COLLECTED MATERIAL:
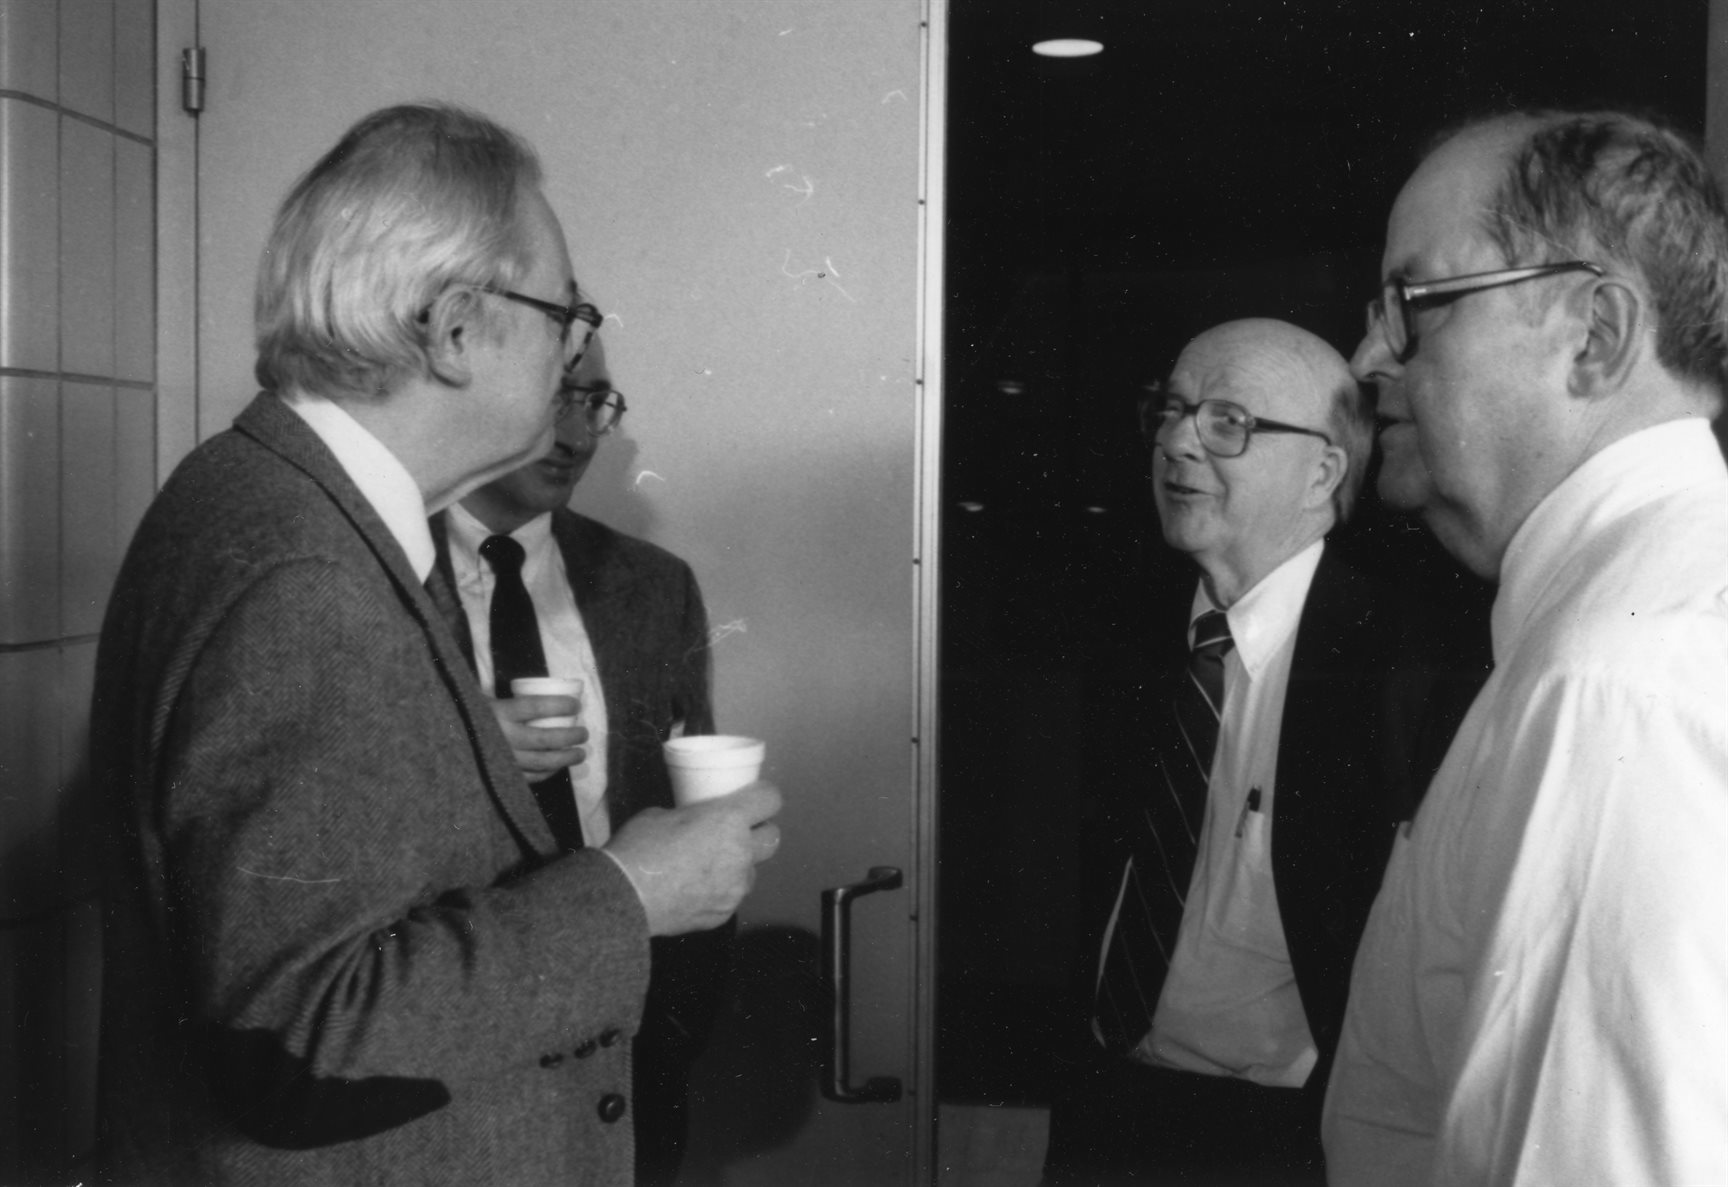 Charles Slichter, David McCall, and William Slichter (Charles&rsquo; brother) converse at a meeting, undated. Department of Physics, University of Illinois at Urbana-Champaign, courtesy of Emilio Segr&egrave; Visual Archives of the American Institute of Physics
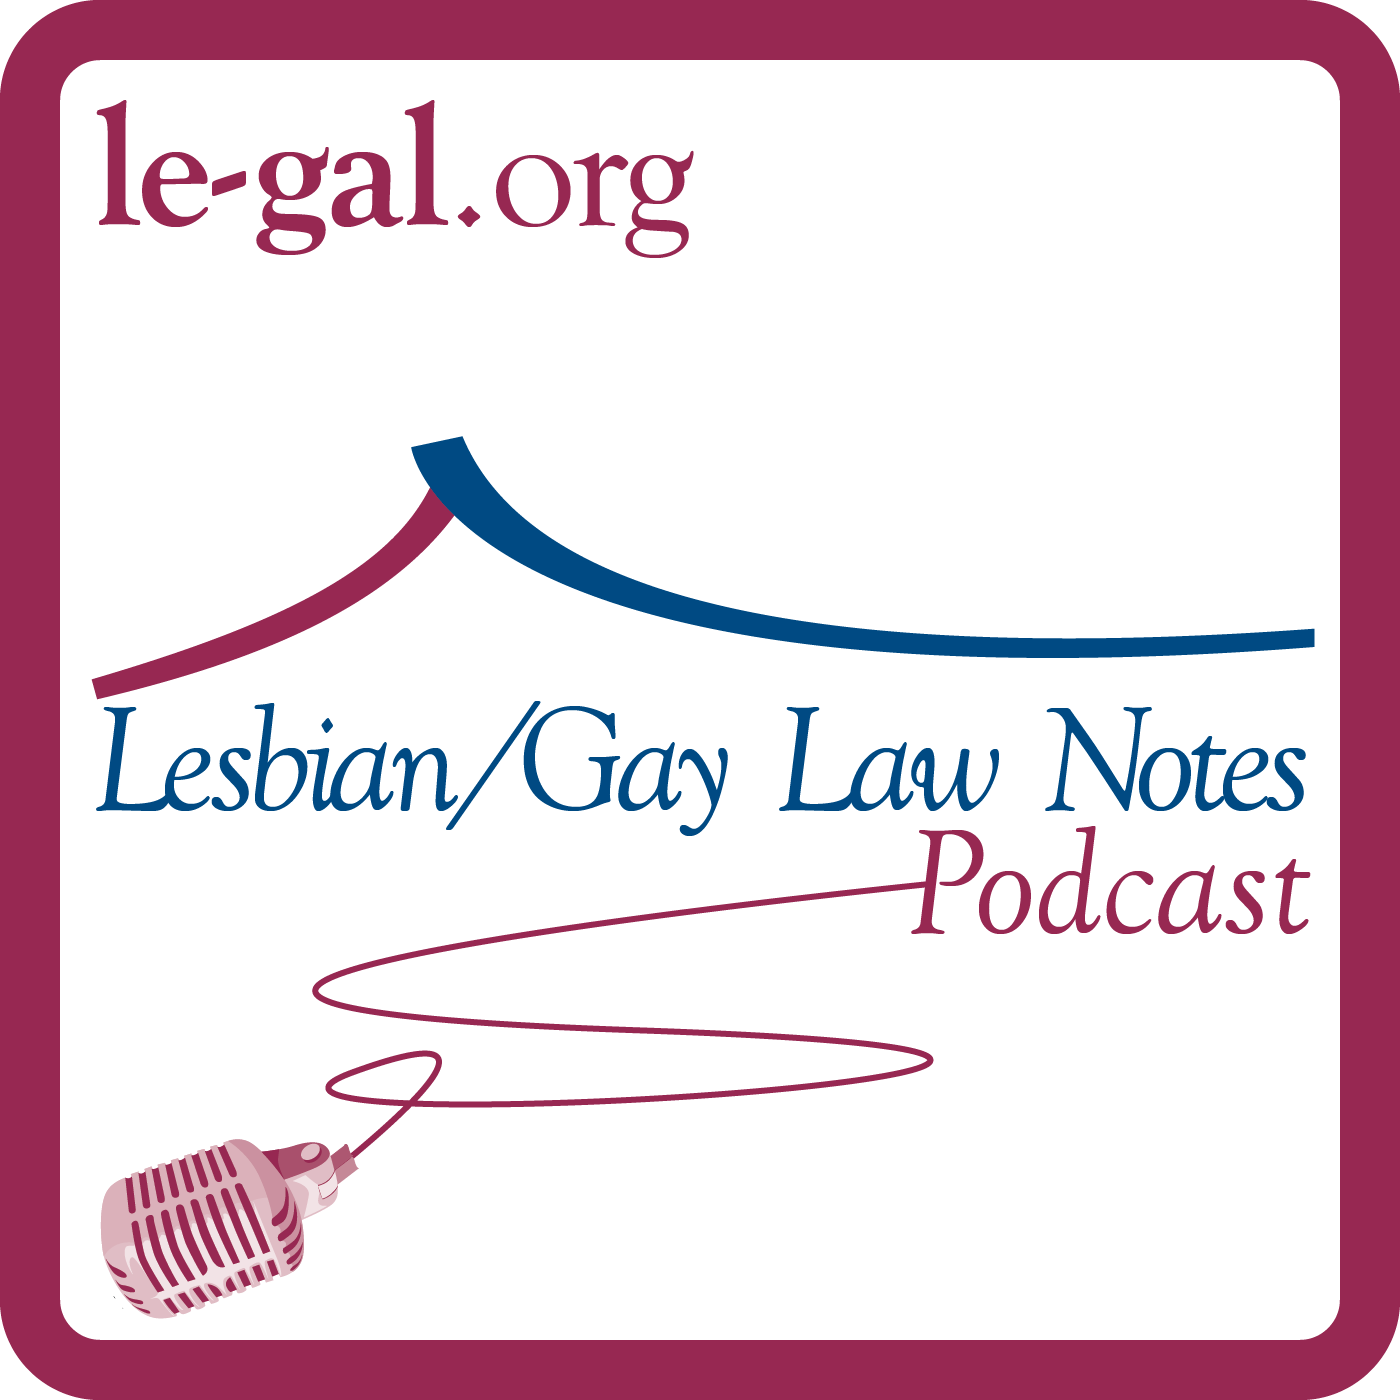  Lesbian/Gay Law Notes Podcast: September 2013
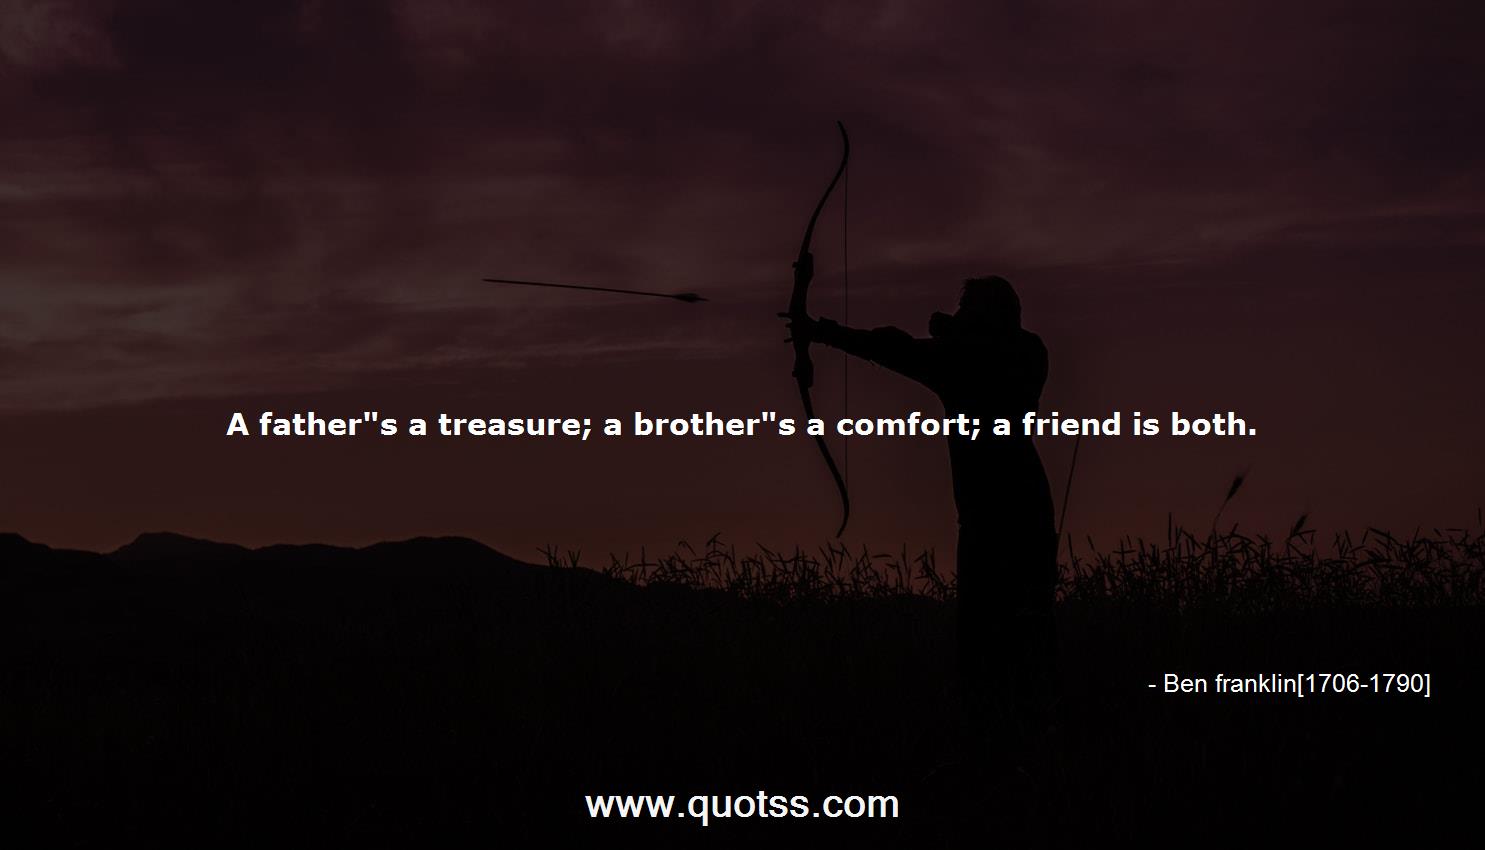 Ben franklin[1706-1790] Quote on Quotss

REQUIREMENT:
Pictures aside, print every line of the material exactly.

RESPONSE AREA:
 Charles Slichter, David McCall, and William Slichter (Charles&rsquo; brother) converse at a meeting, undated. Department of Physics, University of Illinois at Urbana-Champaign, courtesy of Emilio Segr&egrave; Visual Archives of the American Institute of Physics
  Lesbian/Gay Law Notes Podcast: September 2013
 Ben franklin[1706-1790] Quote on Quotss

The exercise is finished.